Well not wanting to appear too clingy does not mean no contact for 2 days cause it's been two days now. I'm don't myself at this point. Not the kind of guy I'm looking for.


----------



## gouge_away

Ghosting is when they vanish, rather than doing the hard part of telling you they aren't interested.

I for one like daily contact, even if its just to say good morning or good night. I don't care how serious the relationship is.
If there is no pulse, its dead. Maybe if they come back in 3 months I would do another first date.


----------



## anxiousdater

Ok I understand ghosting and it appears that's what he has done. Seems cowardly to me. I'm all for second chances but I'm not going to chase or beg for one. I didn't do anything wrong. If he's not interested then he's not interested oh well. I know what I can offer.


----------



## EleGirl

Here's a video for you to watch. Don't be thrown off with the title of it. As the video gets into the content, she talks about the type of situation you have with this guy and how to handle it.


Get Mr. RIght to Fall in LOVE w/ you - 7 Easy Steps + 1 Fatal Flaw MOST women Make


----------



## EleGirl

anxiousdater said:


> Ok I understand ghosting and it appears that's what he has done. Seems cowardly to me. I'm all for second chances but I'm not going to chase or beg for one. I didn't do anything wrong. If he's not interested then he's not interested oh well. I know what I can offer.


Ghosting is pretty normal. It was long before OLD. That's why I never got too 'chummy' with a guy for some time. I watched my friends go through the 'have sex and be dumped' routine over and over. Not worth it.

There are some guys here on TAM who say that if a woman does not have sex with them by the 3rd date, it's proof that the woman is not into them so they stop dating her. But then there are others who say that if she has sex too soon, they dump her. And most guys don't like women who high numbers of past partners, at least not for serious relationships. So with all the mixed messages... do what feels right for you.


.


----------



## anxiousdater

Thanks for the video. I'll watch it when I get home. 

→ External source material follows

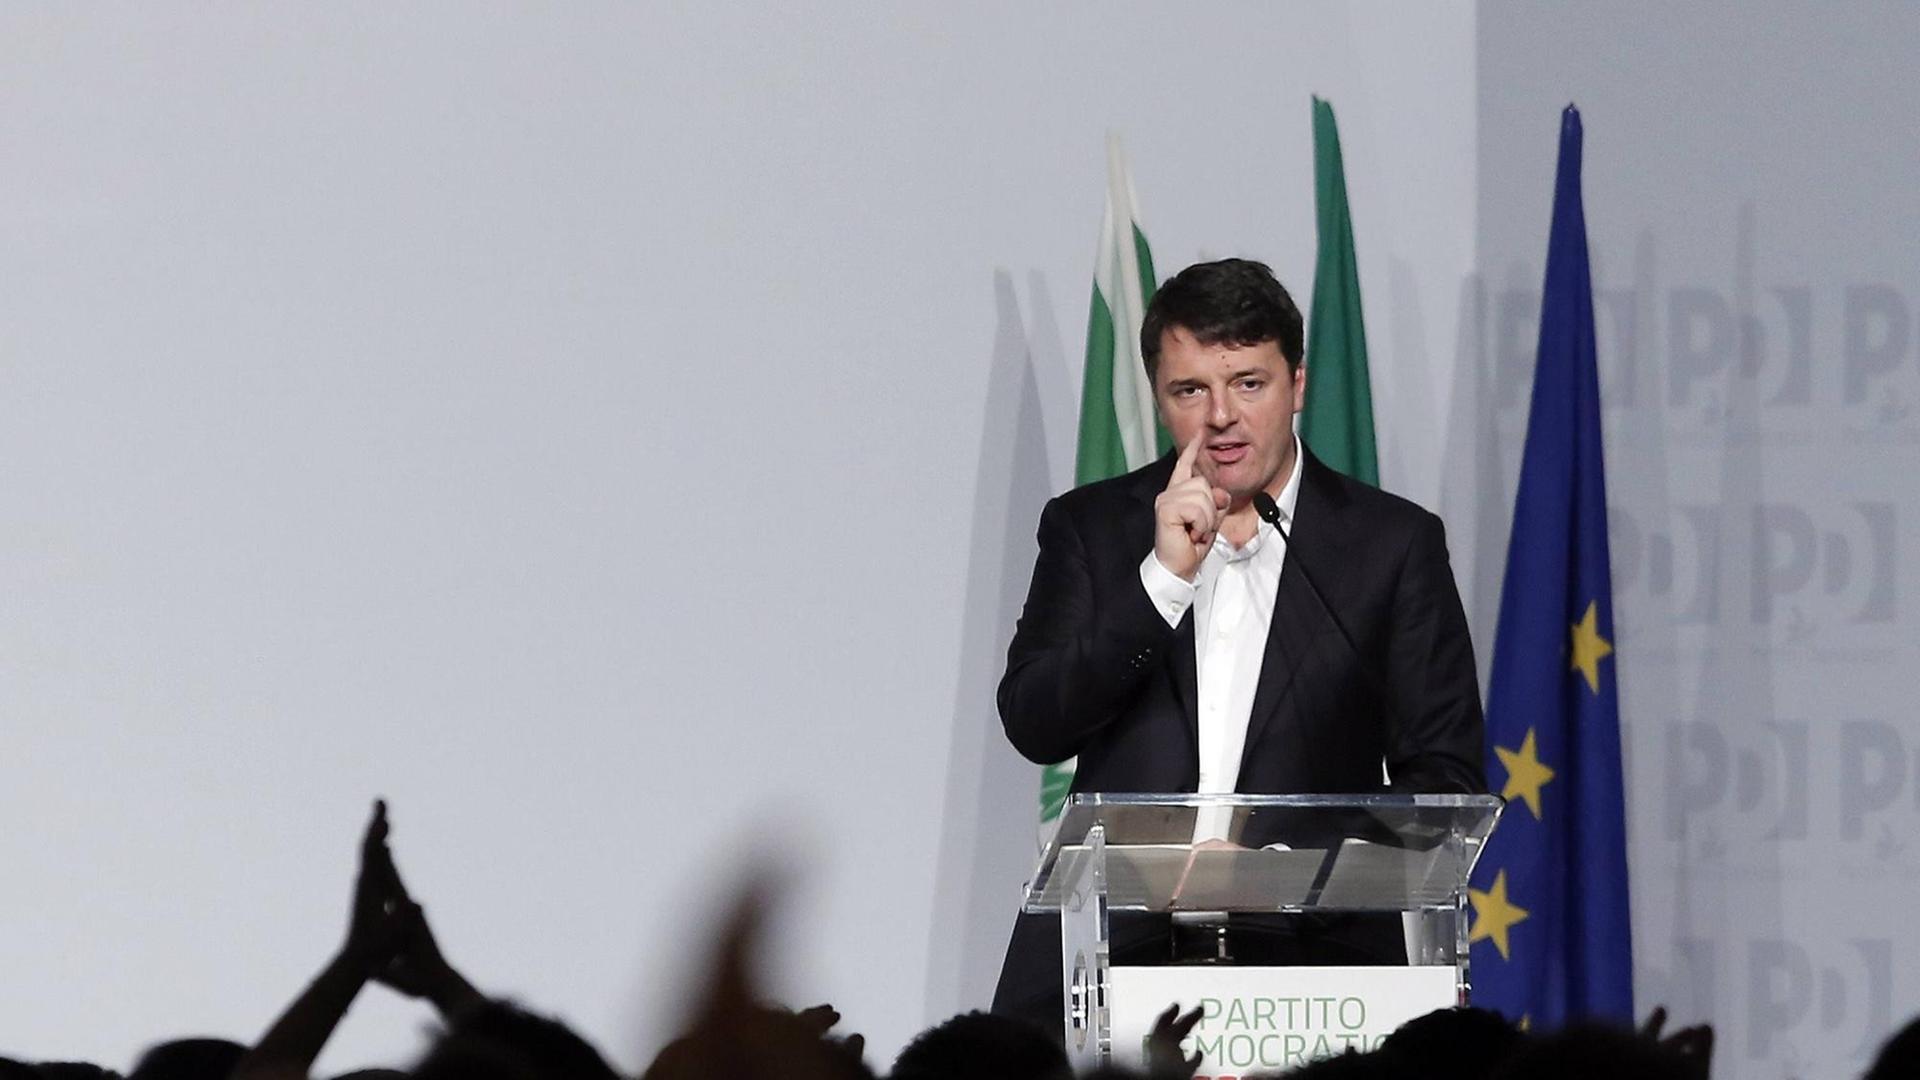 Matteo Renzi bei einer Veranstaltung der Demokratischen Partei in Rom (19.02.17)

As for when to sleep with a guy, I think for me it should be at least 4 or 5 dates. I rush and I know this is one of my flaws. The book I'm reading says 90 days but I havent gotten into the specifics of the chapter yet. All men want sex it's a given and it's completely normal. Just have to figure out if they're worth giving it up to before actually giving it up lol.


----------



## Chuck71

EleGirl said:


> Ghosting is pretty normal. It was long before OLD. That's why I never got too 'chummy' with a guy for some time. I watched my friends go through the 'have sex and be dumped' routine over and over. Not worth it.
> 
> There are some guys here on TAM who say that if a woman does not have sex with them by the 3rd date, it's proof that the woman is not into them so they stop dating her. But then there are others who say that if she has sex too soon, they dump her. And most guys don't like women who high numbers of past partners, at least not for serious relationships. So with all the mixed messages... do what feels right for you.
> 
> 
> .


You bring up a serious question. It is something I had not thought anything about until last Fall.

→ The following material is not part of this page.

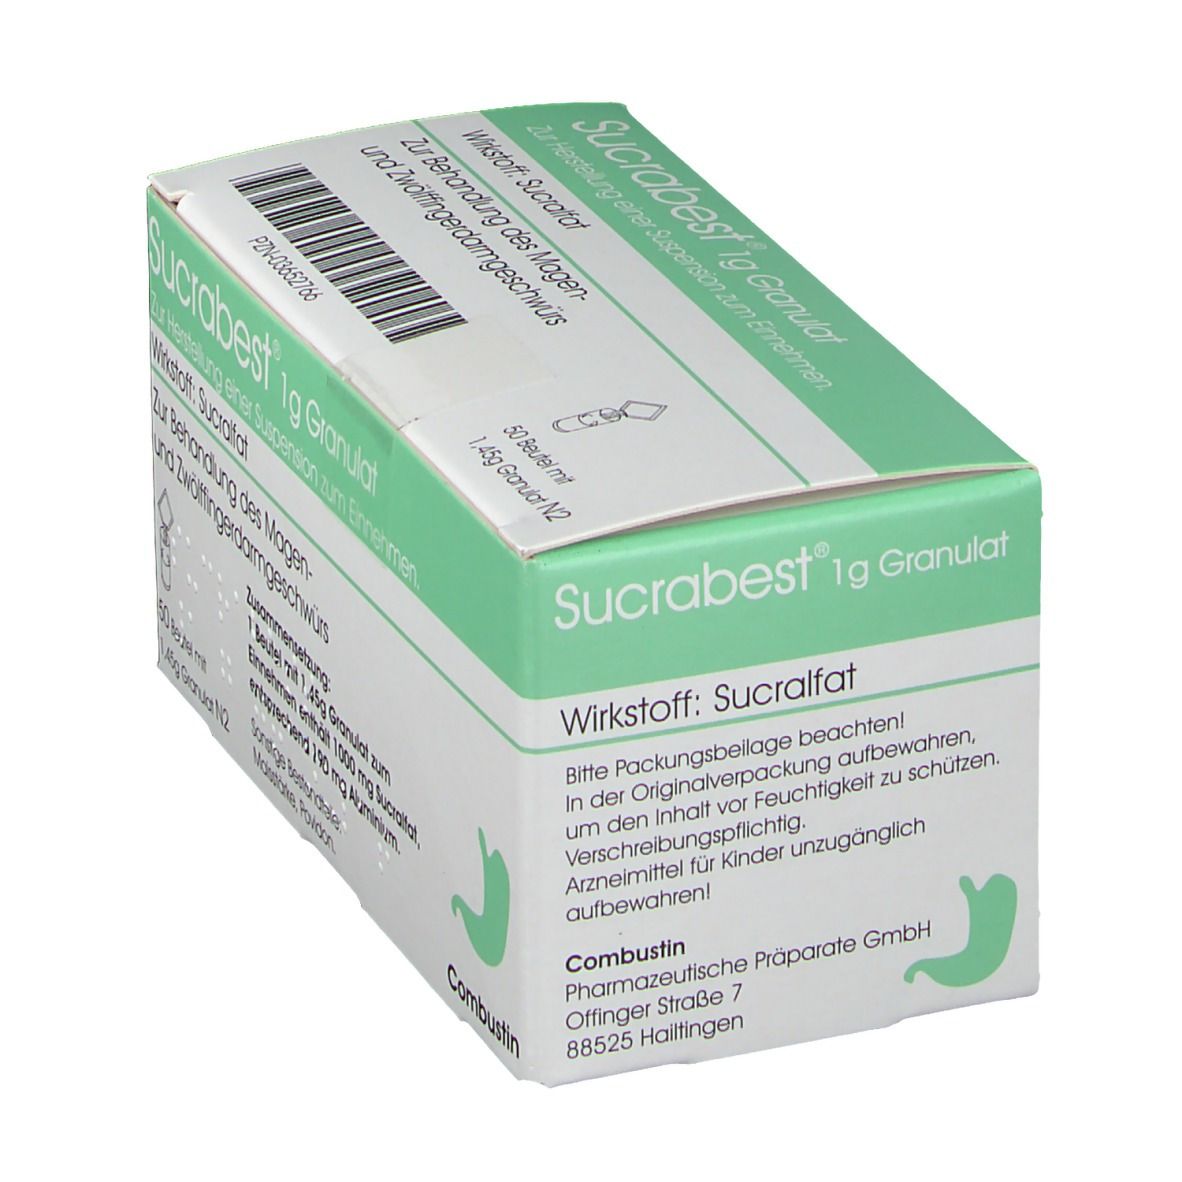 Sucrabest® 1 g

I was clearly single for the first time since 1997. I view many things different now than I did at

25 y/o (at least I hope I would). It essentially comes down to who the two people are.

As in OPs case, if they ended up dating for years or got M, having sex early in... it adds a touch of early 

romanticism to it. If they fizzle out..... the OP may be more apprehensive about having sex so early in.

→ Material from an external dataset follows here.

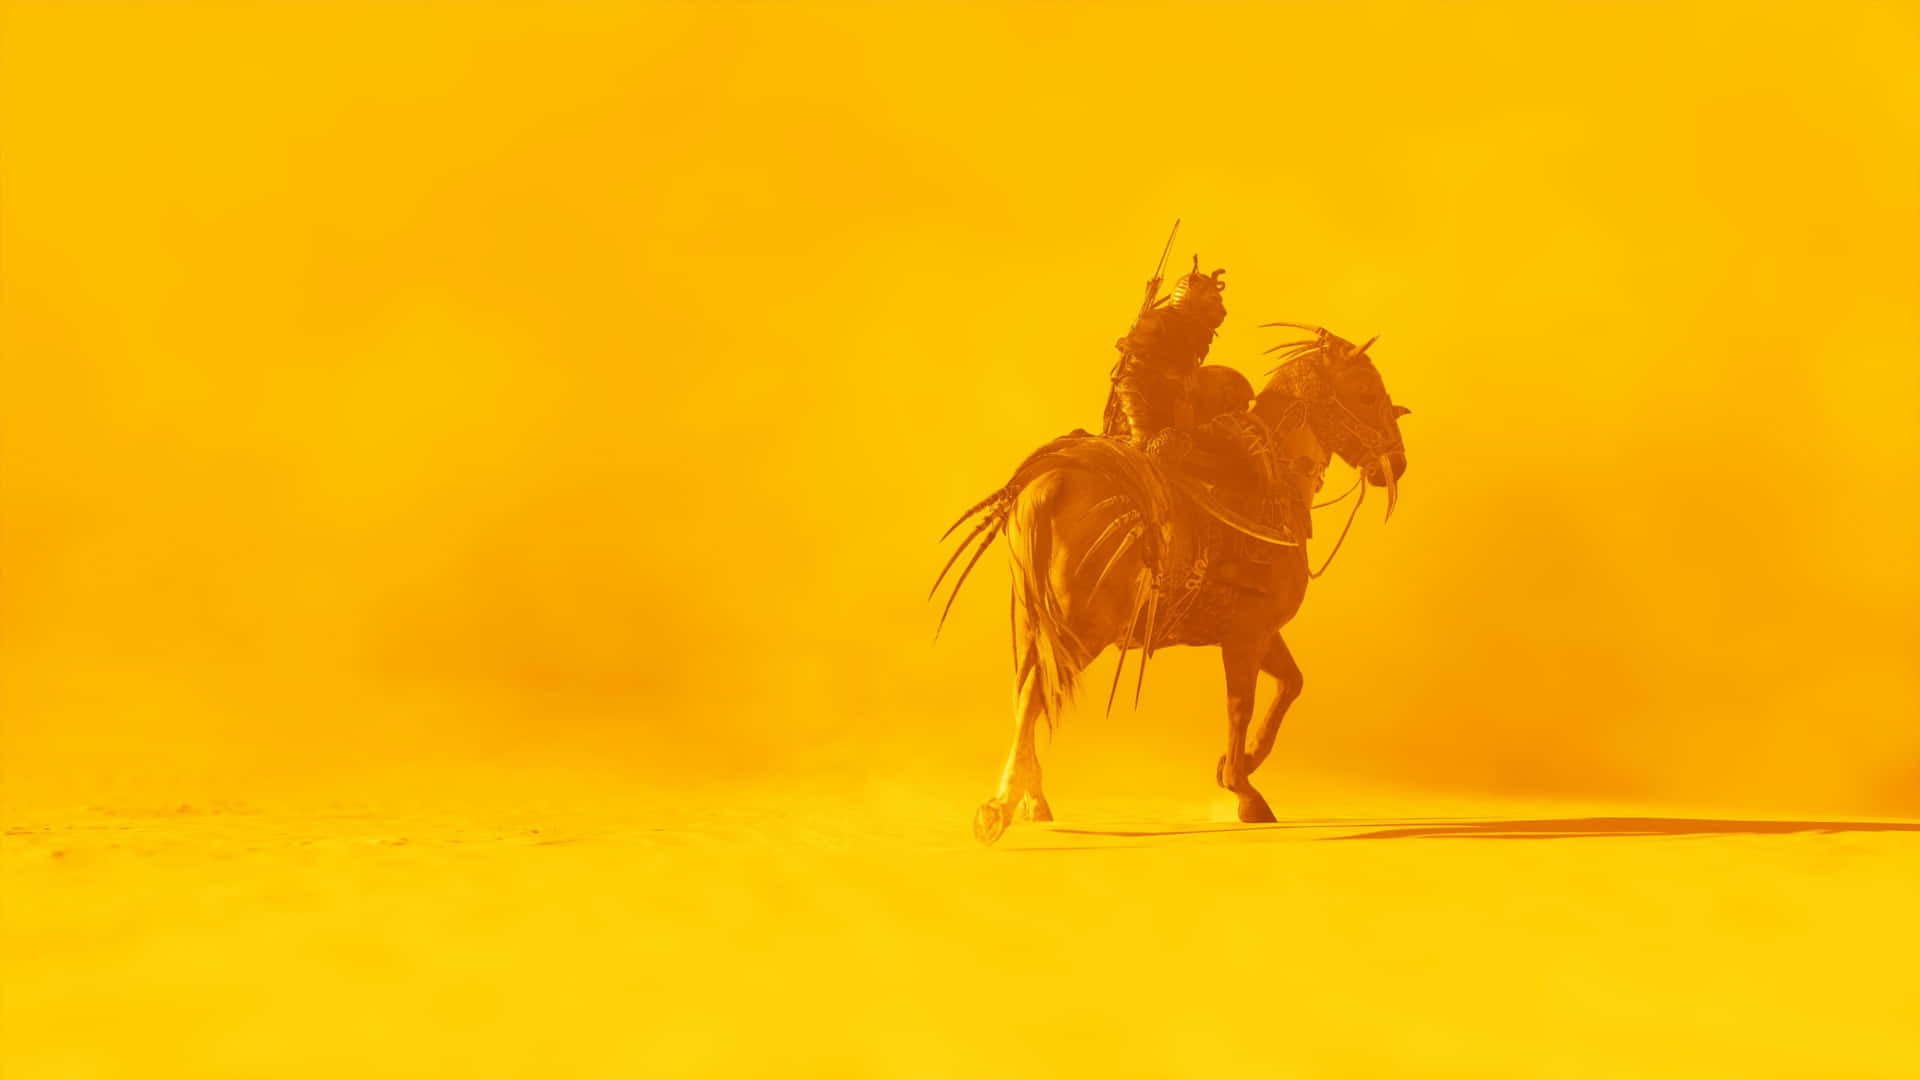 Desert Warrioron Horseback Wallpaper

Then date a guy who may think "no sex after 3rd date.... see ya"

Not an easy position to be in


----------



## Dude007

Catch 22 lean toward the side w least emotional risk( no sex until 90 days )


----------



## anxiousdater

Agreed. I get attached easy and as a woman I do this thru sex probably why I rush things. Hey I least I know now! Lol. The not knowing why part is what sucks the most!!


----------



## Dude007

Wow wish I was single!! Ha what does sex do for you that you throw it out there? Affirmation?


----------



## anxiousdater

I dunno I just really like sex lol. But in all seriousness I just have a hard time saying no and putting a stop to things. It's definitely something I need more work on. Things start to get hot and steamy, and I should be able to put the brakes on and I can't. 

What do you mean by affirmation?


----------



## gouge_away

Try not taking them home...
I've said this before.

If I invite her over for coffee, it means I want to show her my pad, see I'm normal.
If I invite her over for a movie it means bawchicawawa.

I've never made it through a full movie... Just sayin


----------



## Dude007

I meant do u get some sort of affirmation feelings when you have had sex?


----------



## anxiousdater

I shouldn't go to anyone's house on a second date, that won't happen next time because then I'm just putting myself in that position. 

And no I don't get any type of feeling except satisfaction after sex. Everything feels normal to me. Of course I feel the little pangs of regret for rushing it and not saying no. 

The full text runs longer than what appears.